🚨 LEG DAY & BACK DAY TUTORIAL
✅ Once a lifter establishes how much training volume is necessary to progress, and what training intensities are necessary to match their goals (strength or hypertrophy), figuring out how to distribute that training volume is next.
✅ A question that often comes up is where to place deadlifts? Placing it on leg day along with squats allows for more recovery time between lower body training sessions. Another benefit of this is that
back or pull days can be focused on pull-up or rowing movements that build a wider thicker back.
✅ On the other hand, starting a back/pull session with deadlifts allows a lifter to perform the deadlift while being fresh, but leaves less recovery time for upcoming leg/lower body/squats.
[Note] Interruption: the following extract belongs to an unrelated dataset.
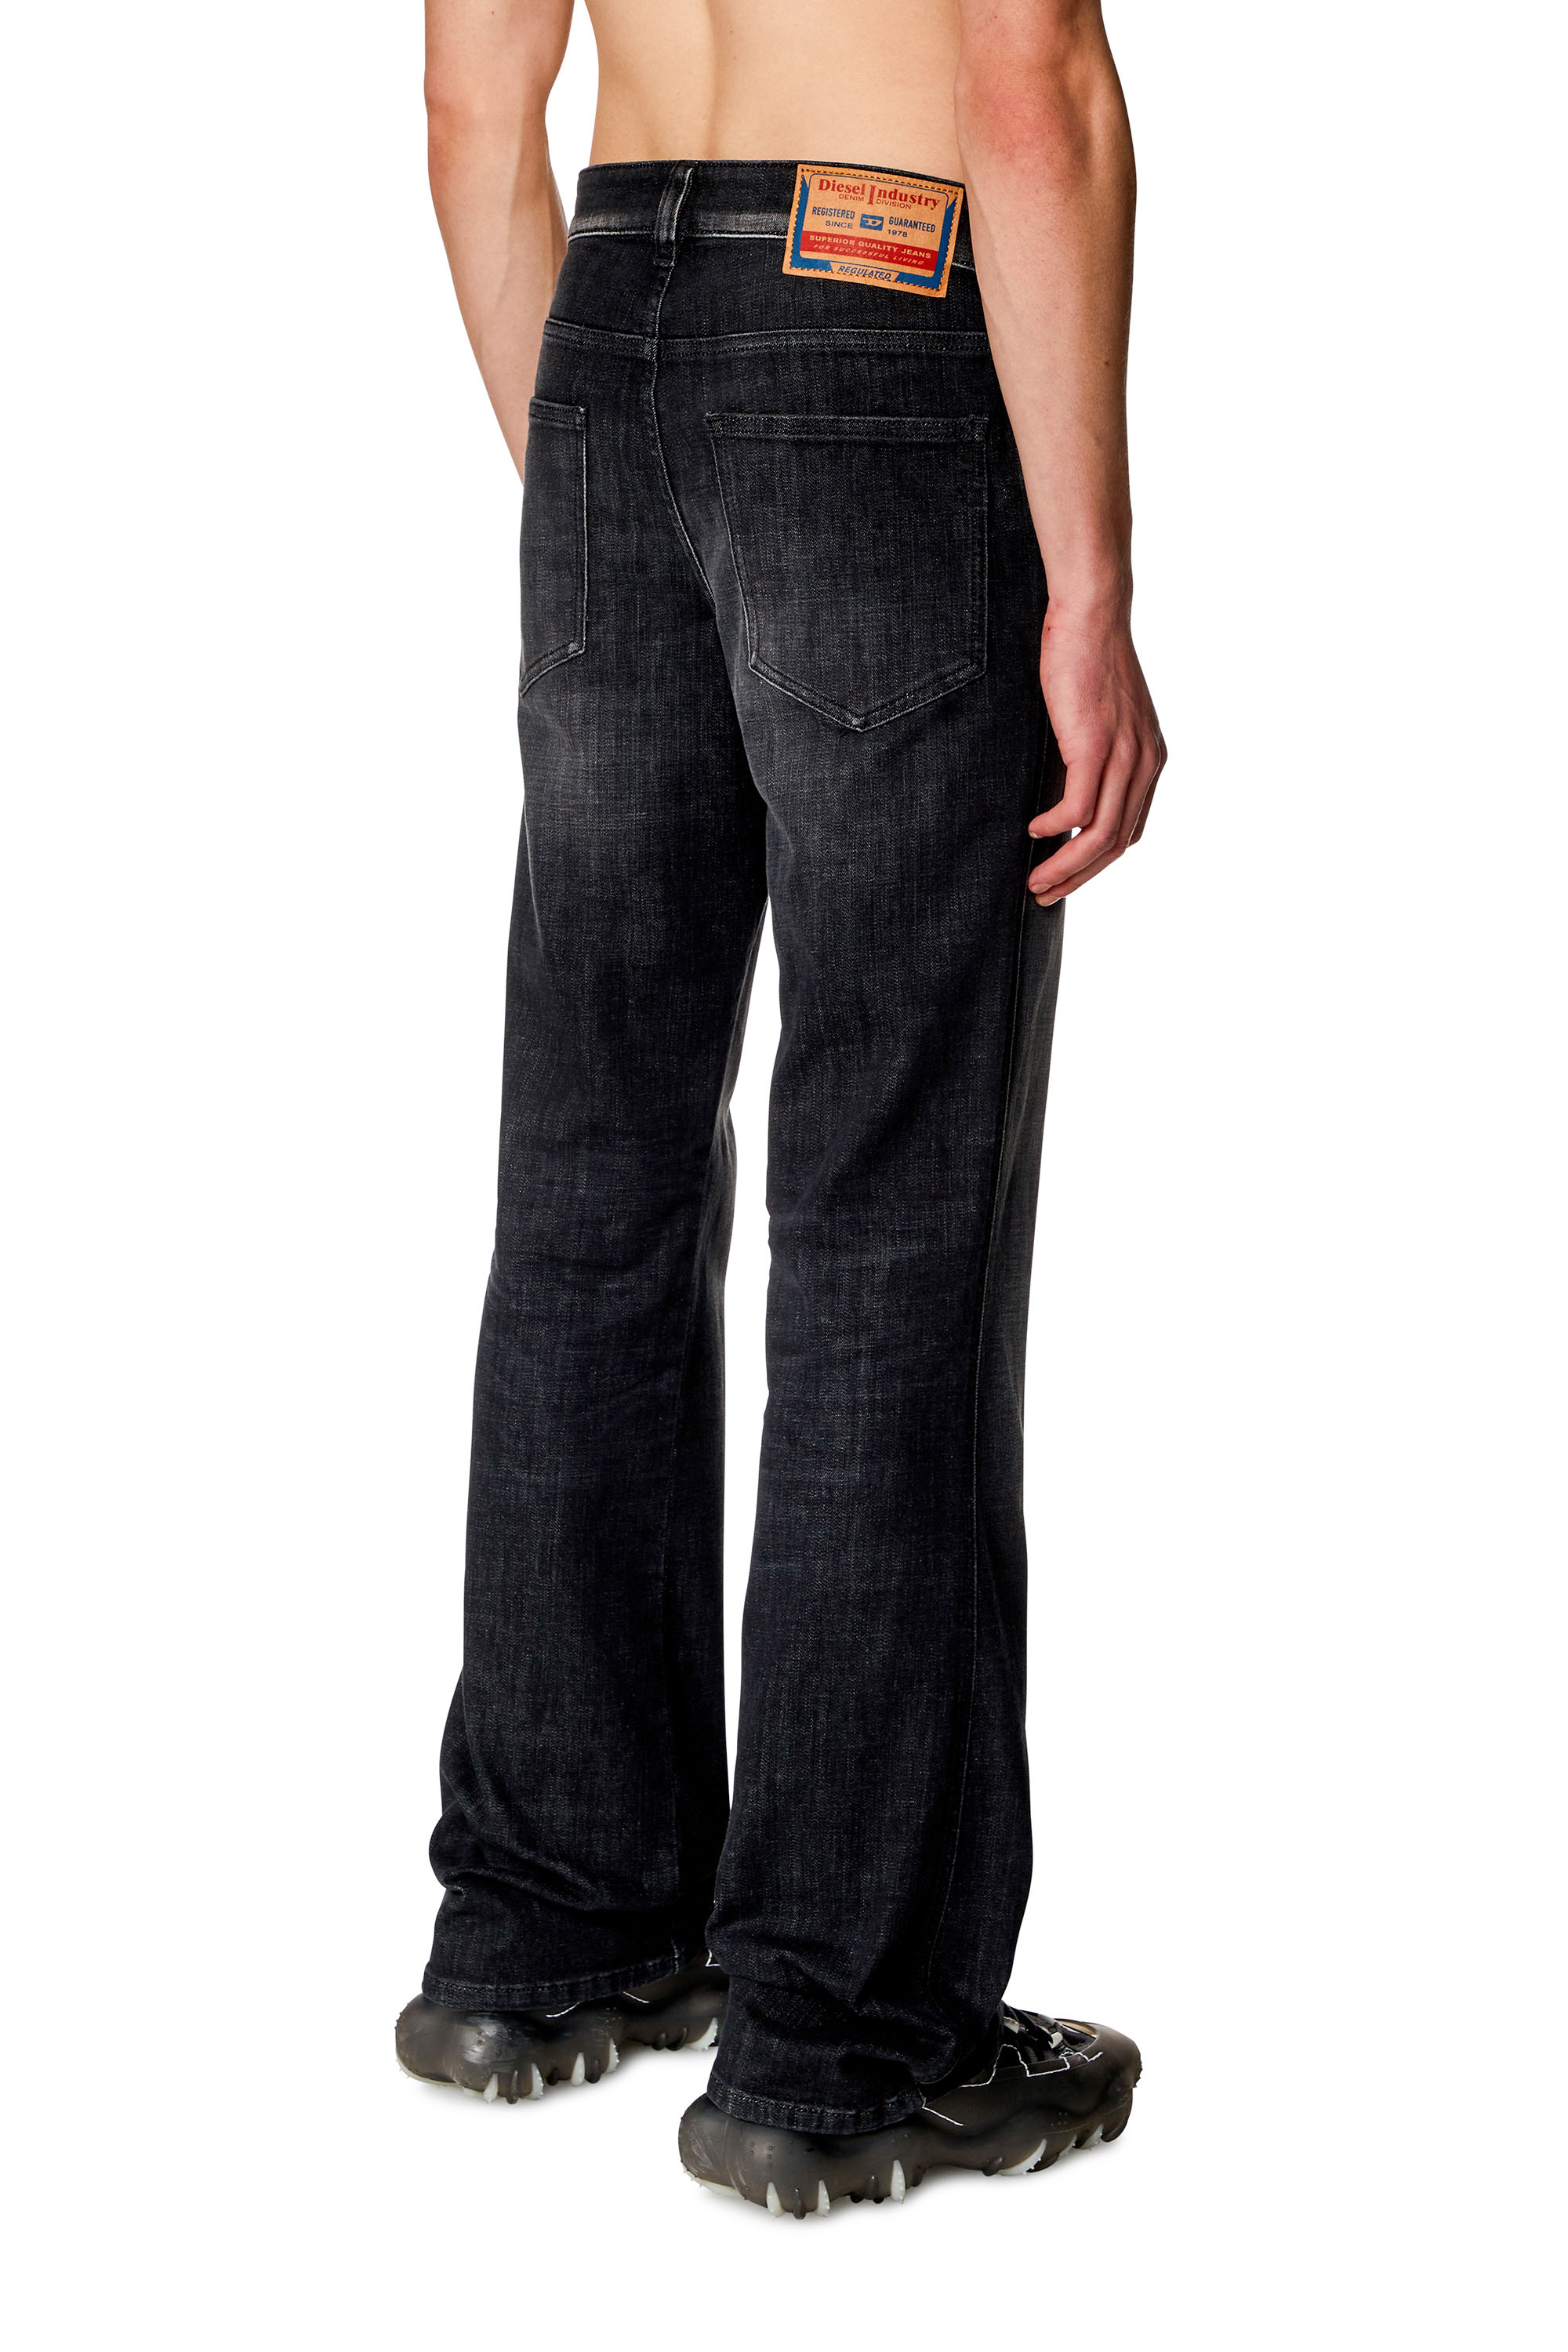 Herren Bootcut Jeans: Blau, Schwarz, Grau, D-Vocs | Diesel®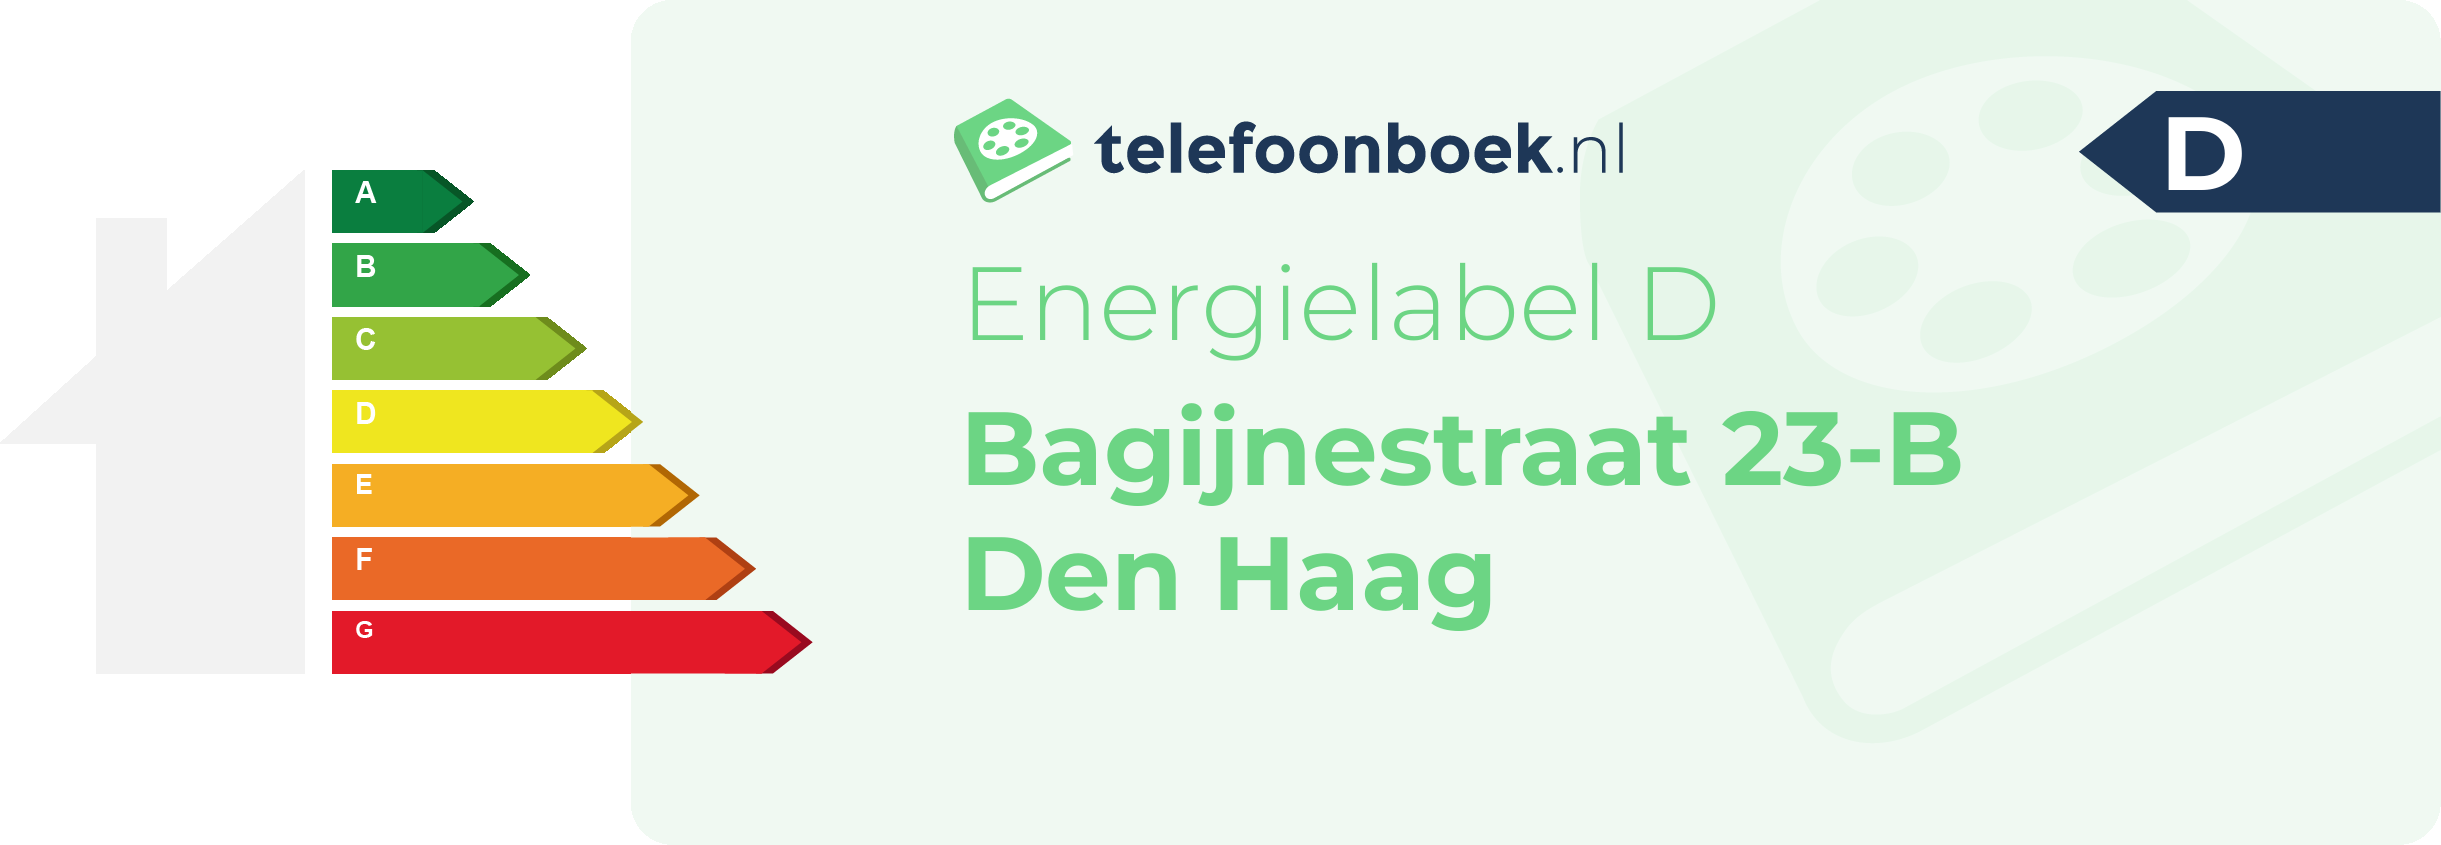 Energielabel Bagijnestraat 23-B Den Haag

✅ If a lifter is doing full-body training and squatting multiple times a week, doing deadlifts after one of the squat sessions is a good idea for the recovery time between sessions. On a push/pull/legs split, I personally enjoy deadlifts on a pull day. This should stay open to personal preferences experimentation.
✖️ GOAL: Build a bigger Back 💪
✖️ TIME: 60-70minutes ⏱
SESSION NOTES 👇🏻
✅ 90 seconds rest between sets.
✅ 1-2 Feeder sets (3-4 reps each set) before each exercise.
✅ Keep form strict. Limit momentum.
✅ Push to failure on your last working set.